Figure 2. Cross section through a coral colony showing the living polyps, along with the carbonate skeleton built by the polyp. SOURCE
So I was interested to come across a research paper (paywalled, alas) with the unwieldy name of “Acclimation to ocean acidification during long-term CO2 exposure in the cold-water coral Lophelia pertusa.”
Abstract
Ocean acidity has increased by 30% since preindustrial times due to the uptake of anthropogenic CO2 and is projected to rise by another 120% before 2100 if CO2 emissions continue at current rates. Ocean acidification is expected to have wide-ranging impacts on marine life, including reduced growth and net erosion of coral reefs. Our present understanding of the impacts of ocean acidification on marine life, however, relies heavily on results from short-term CO2 perturbation studies.
Here we present results from the first long-term CO2 perturbation study on the dominant reef-building cold-water coral Lophelia pertusa and relate them to results from a short-term study to compare the effect of exposure time on the coral’s responses. Short-term (one week) high CO2 exposure resulted in a decline of calcification by 26-29% for a pH decrease of 0.1 units and net dissolution of calcium carbonate.
In contrast, L. pertusa was capable to acclimate to acidified conditions in long-term (six months) incubations, leading to even slightly enhanced rates of calcification.
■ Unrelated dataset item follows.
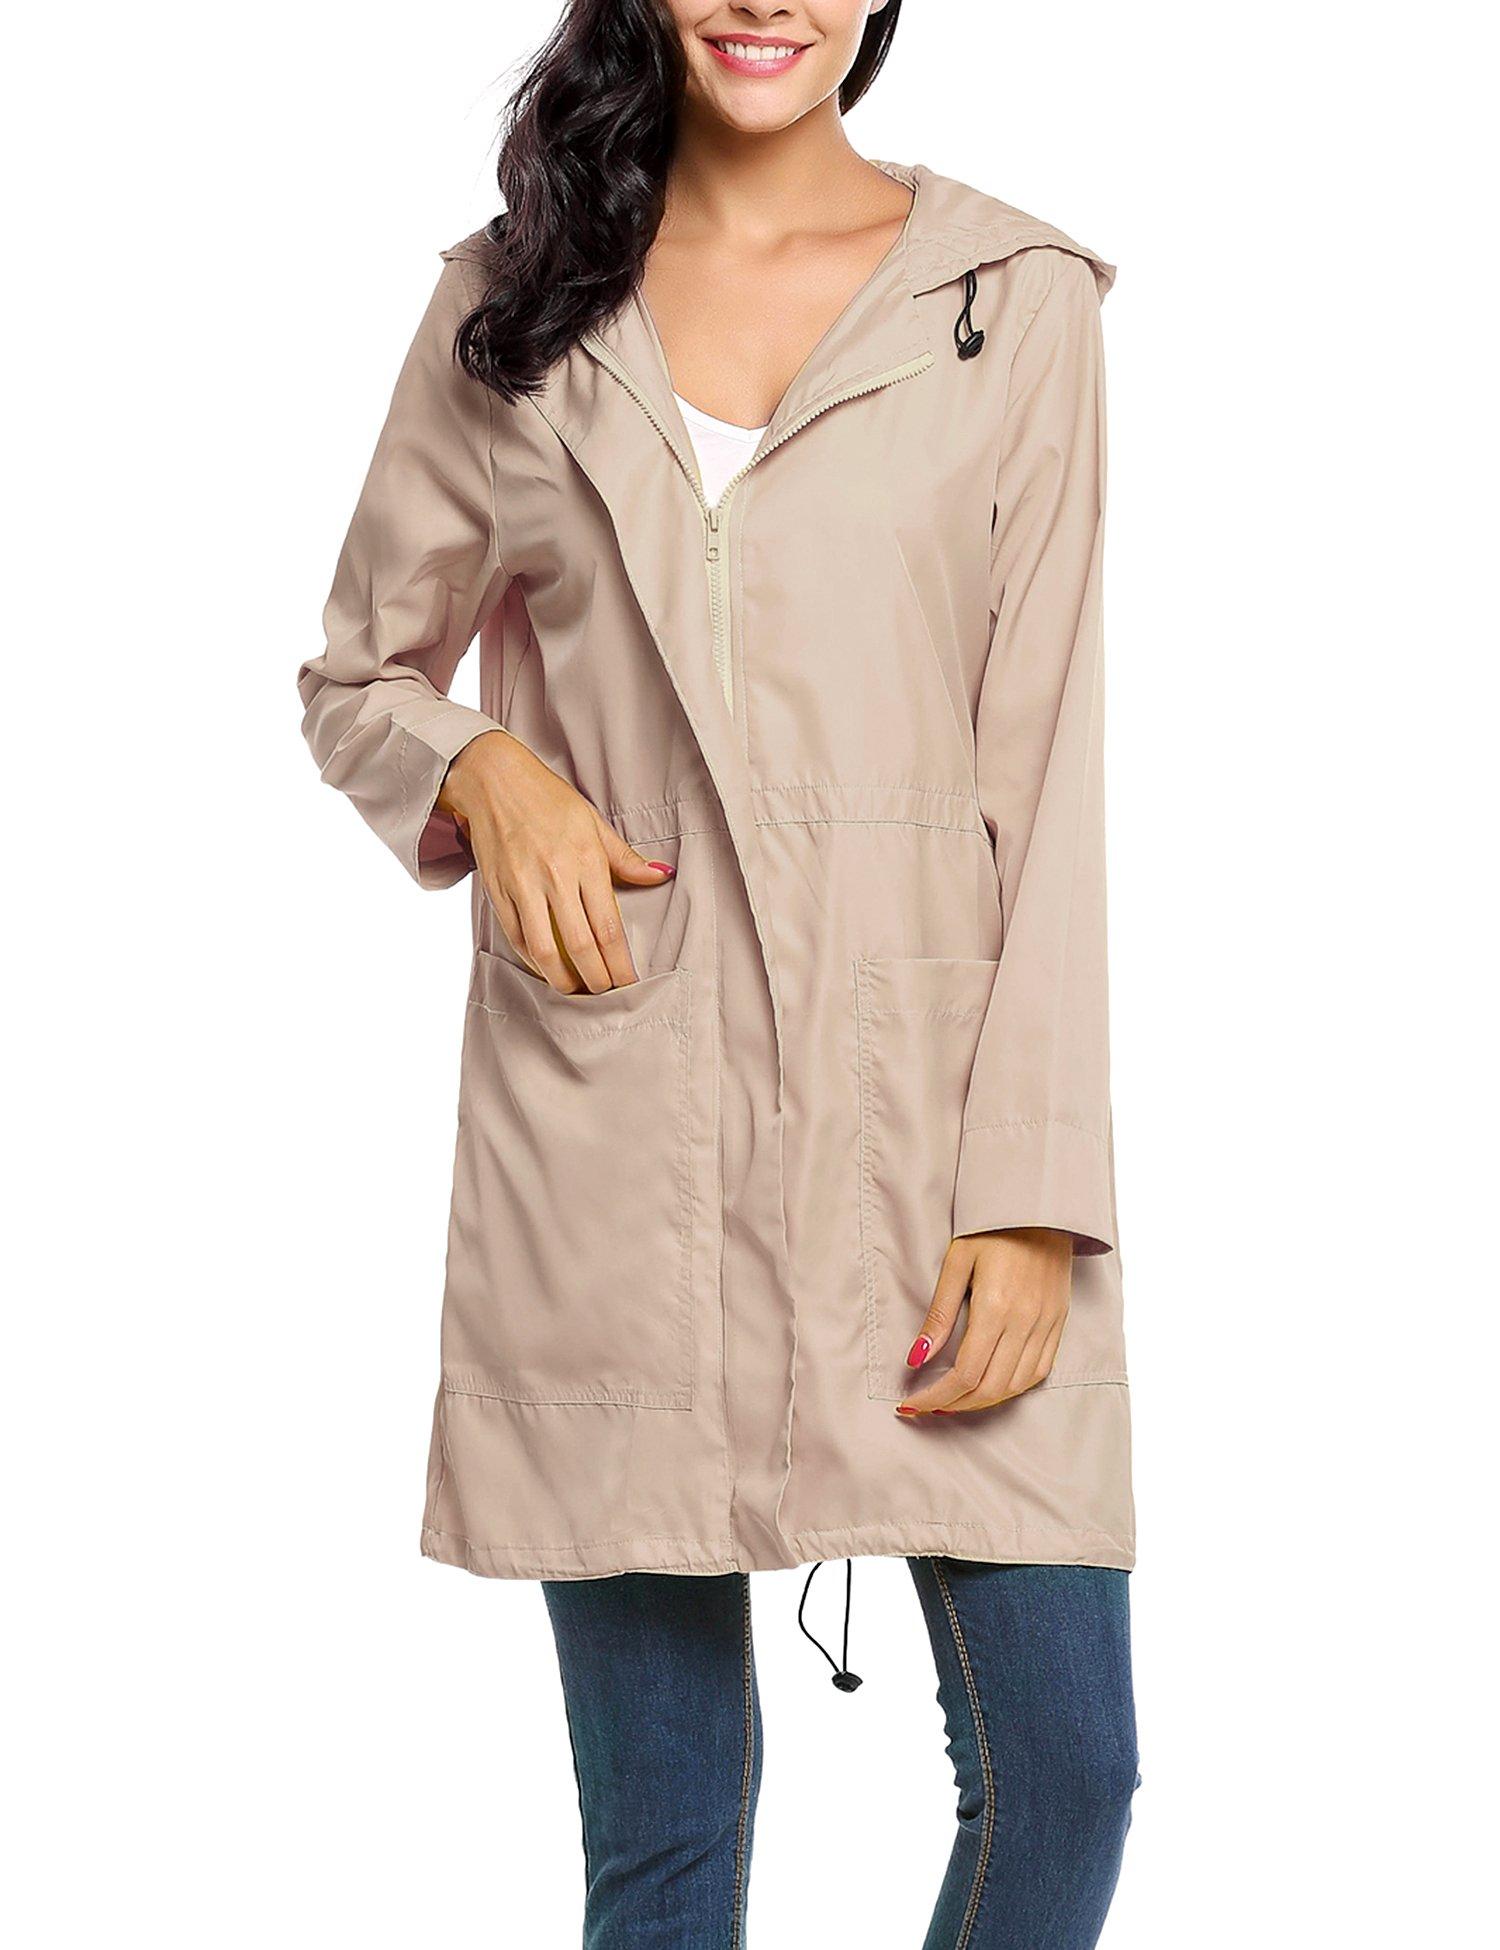 Avernon Fashionable Outdoor Lightweight Zipper Rain Coat for Women (Khaki, XXL)

Net growth is sustained even in waters sub-saturated with respect to aragonite. Acclimation to seawater acidification did not cause a measurable increase in metabolic rates. This is the first evidence of successful acclimation in a coral species to ocean acidification, emphasizing the general need for long-term incubations in ocean acidification research. To conclude on the sensitivity of cold-water coral reefs to future ocean acidification further ecophysiological studies are necessary which should also encompass the role of food availability and rising temperatures.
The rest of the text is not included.